#### Collected material:
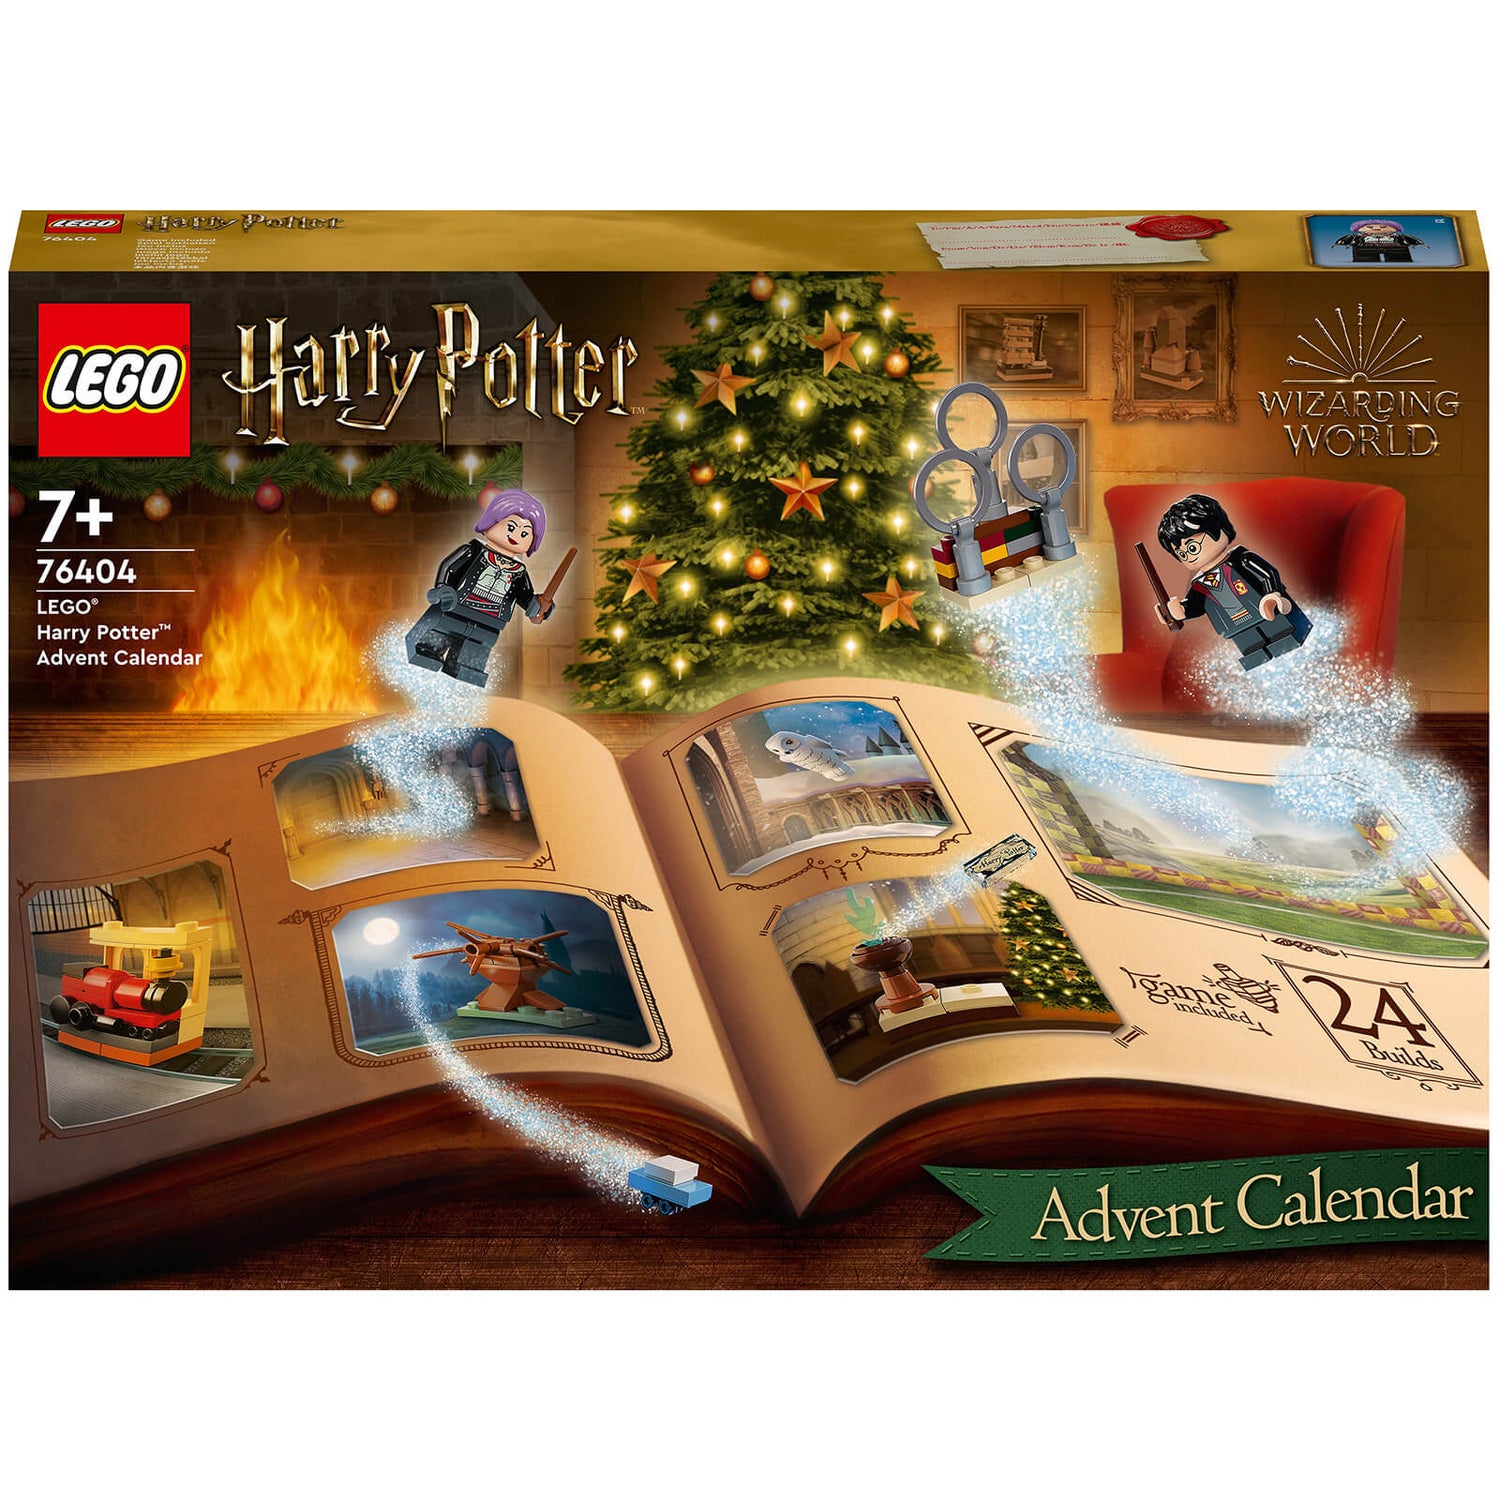 LEGO Harry Potter Adventkalender (76404)
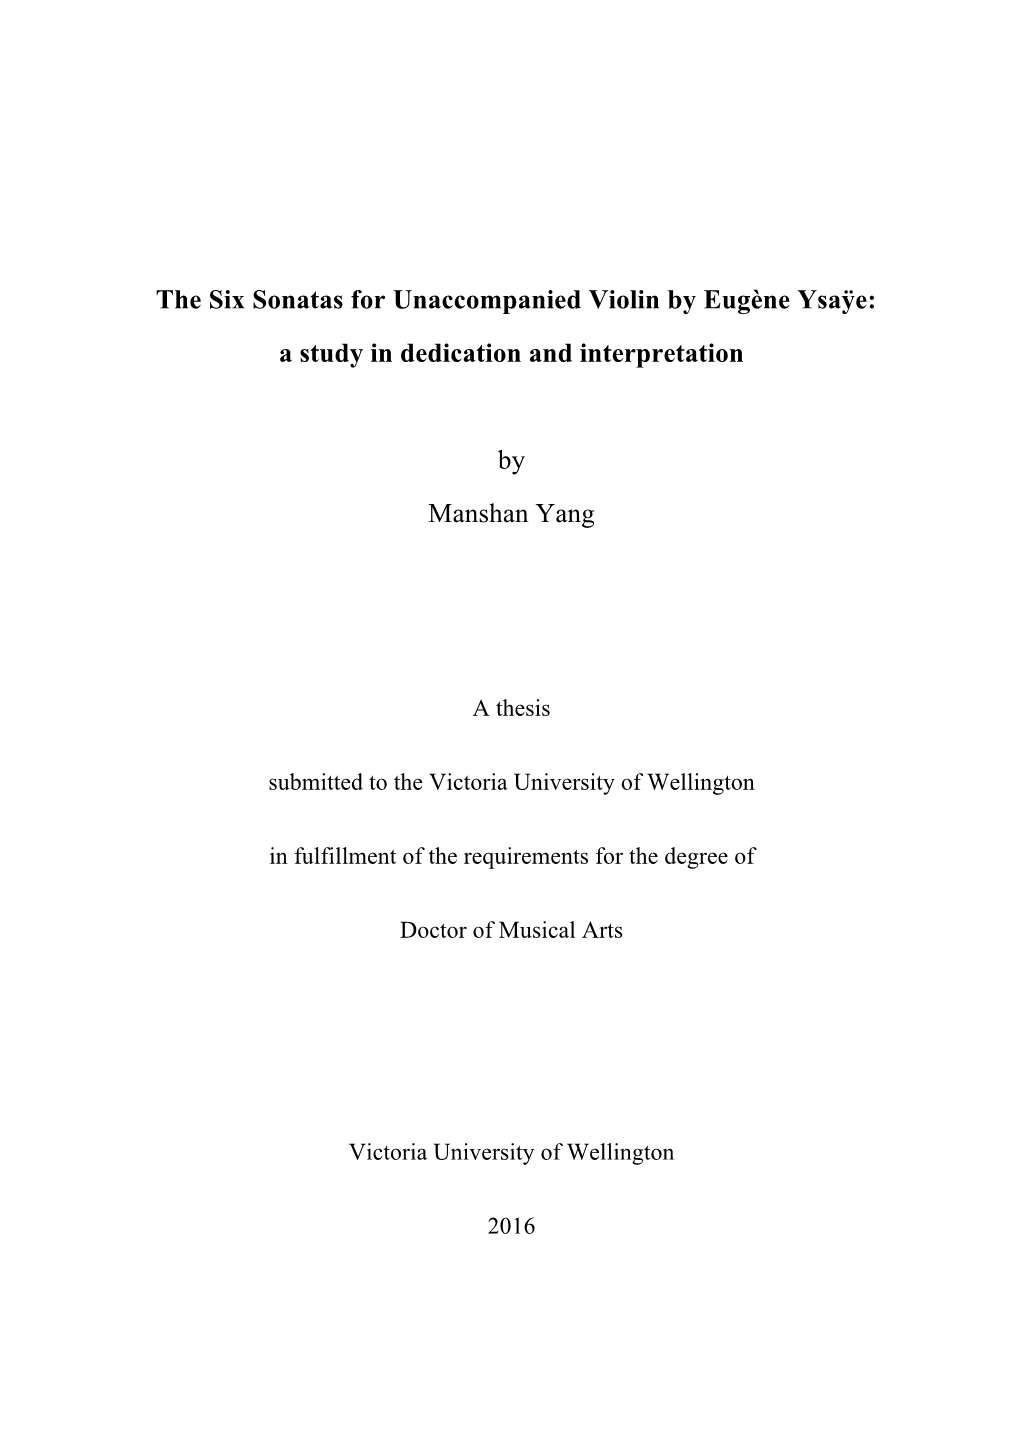 The Six Sonatas for Unaccompanied Violin by Eugène Ysaÿe: a Study in Dedication and Interpretation
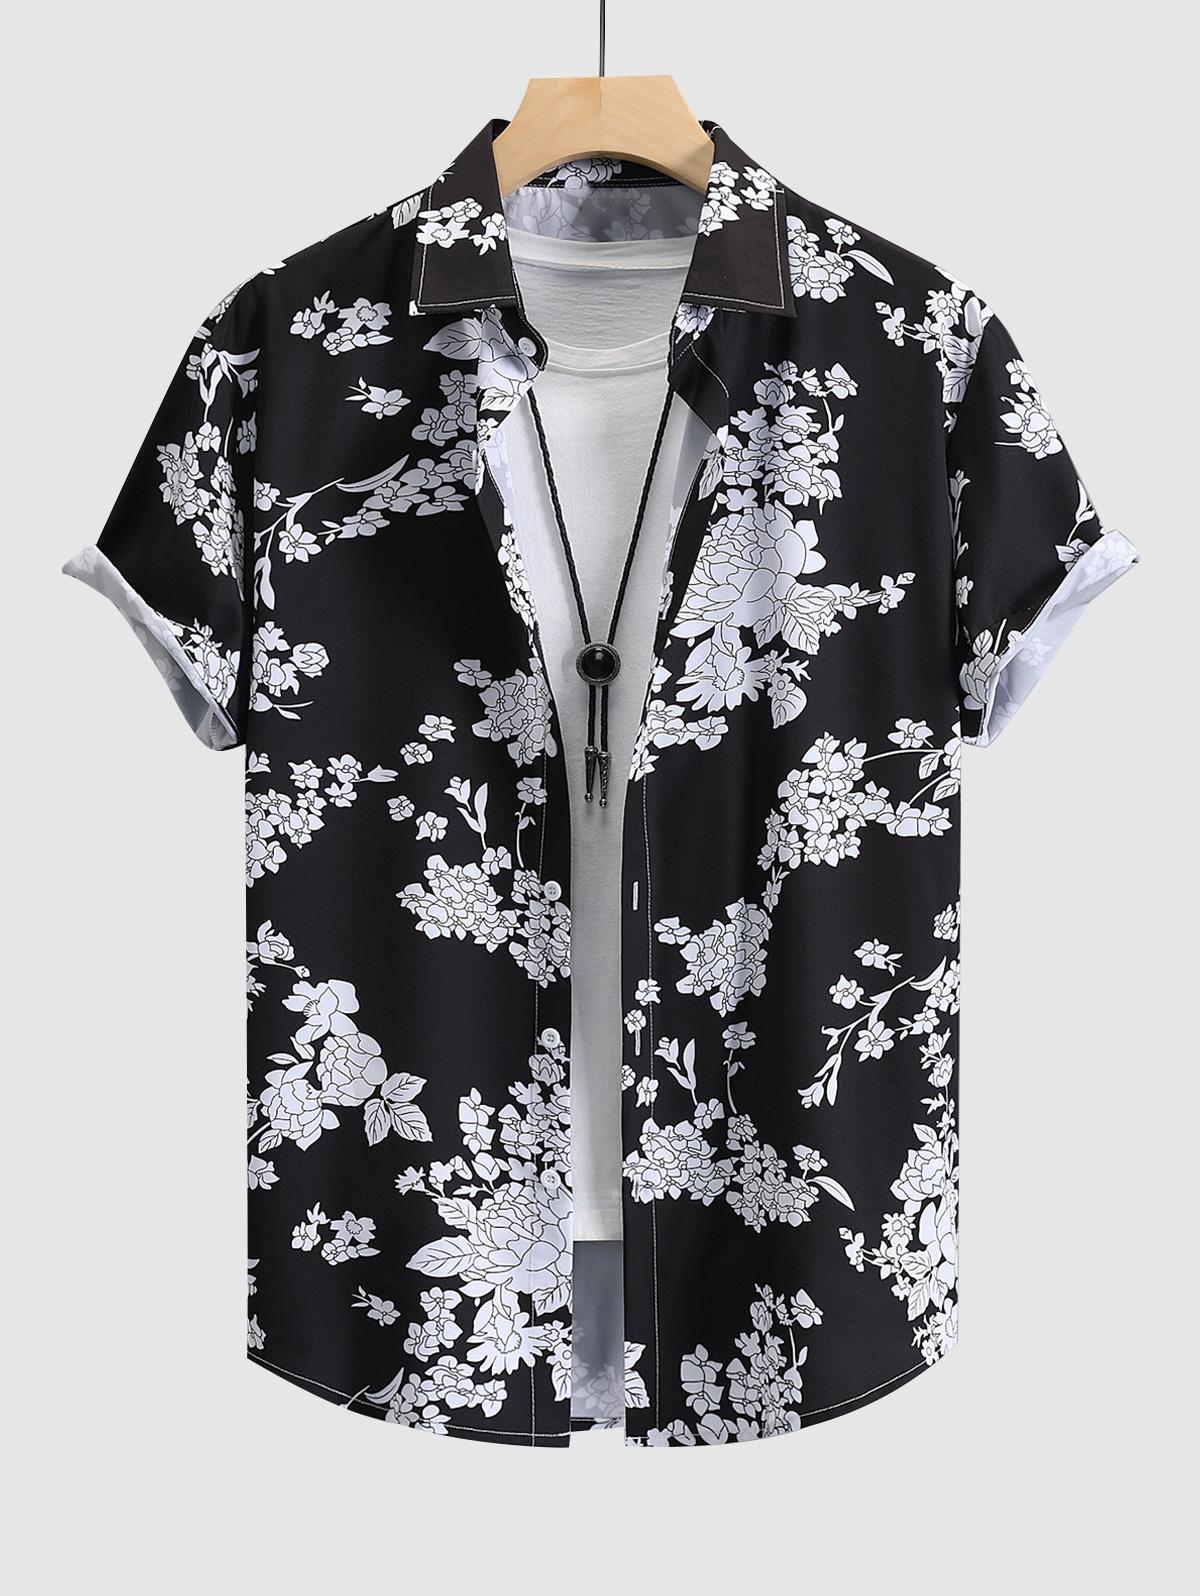 ZAFUL Men's Floral Button Up Short Sleeve Shirt M Black
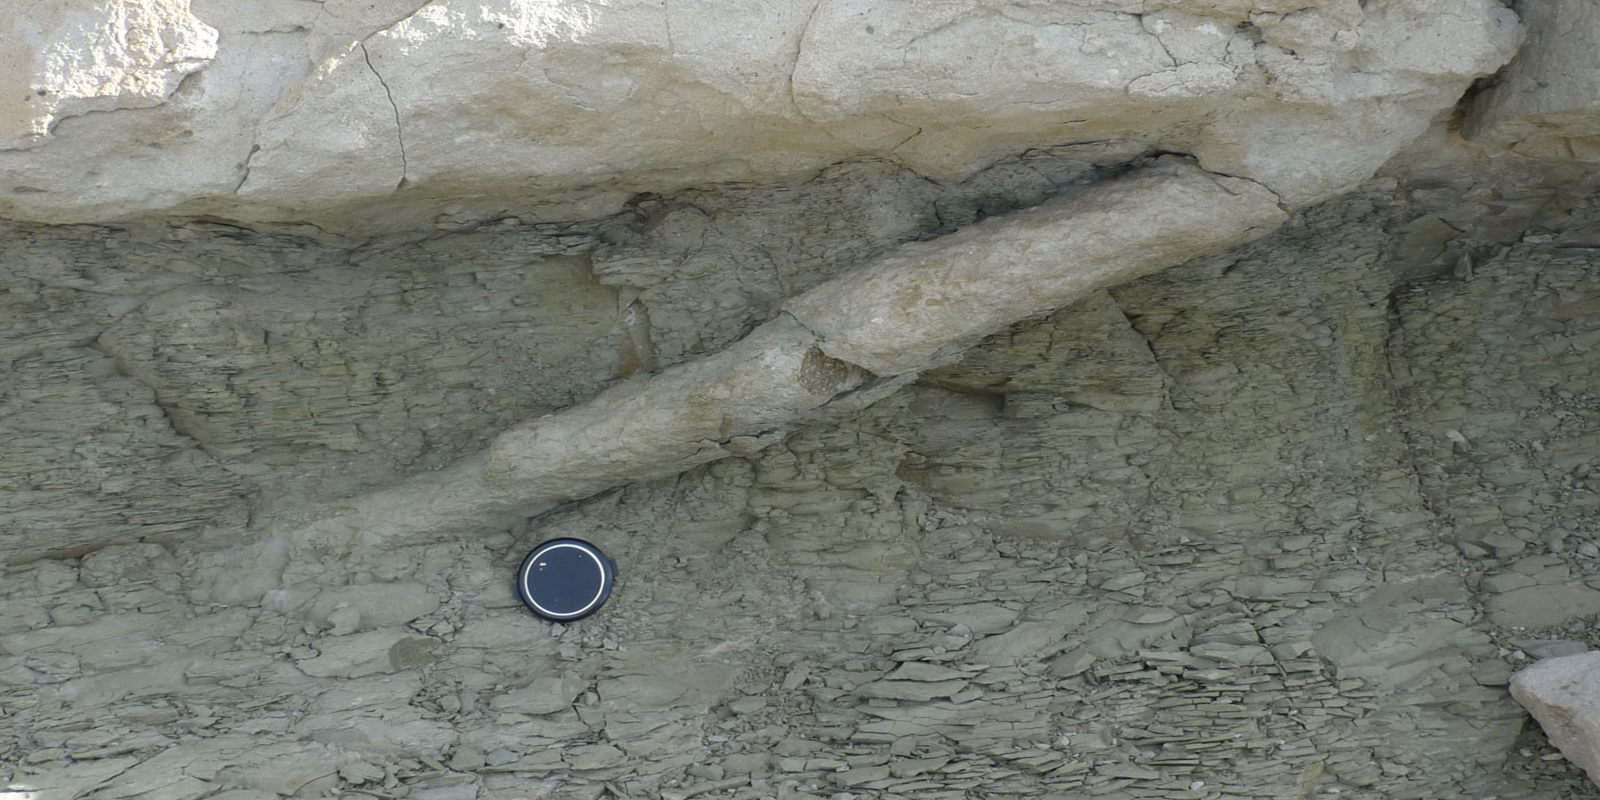 a fossilized animal burrow

#### Task to complete:
Copy the material shown above in full and exactly. Skip the pictures.

#### Your response:
 LEGO Harry Potter Adventkalender (76404)
 The Six Sonatas for Unaccompanied Violin by Eugène Ysaÿe: a Study in Dedication and Interpretation
 ZAFUL Men's Floral Button Up Short Sleeve Shirt M Black
 a fossilized animal burrow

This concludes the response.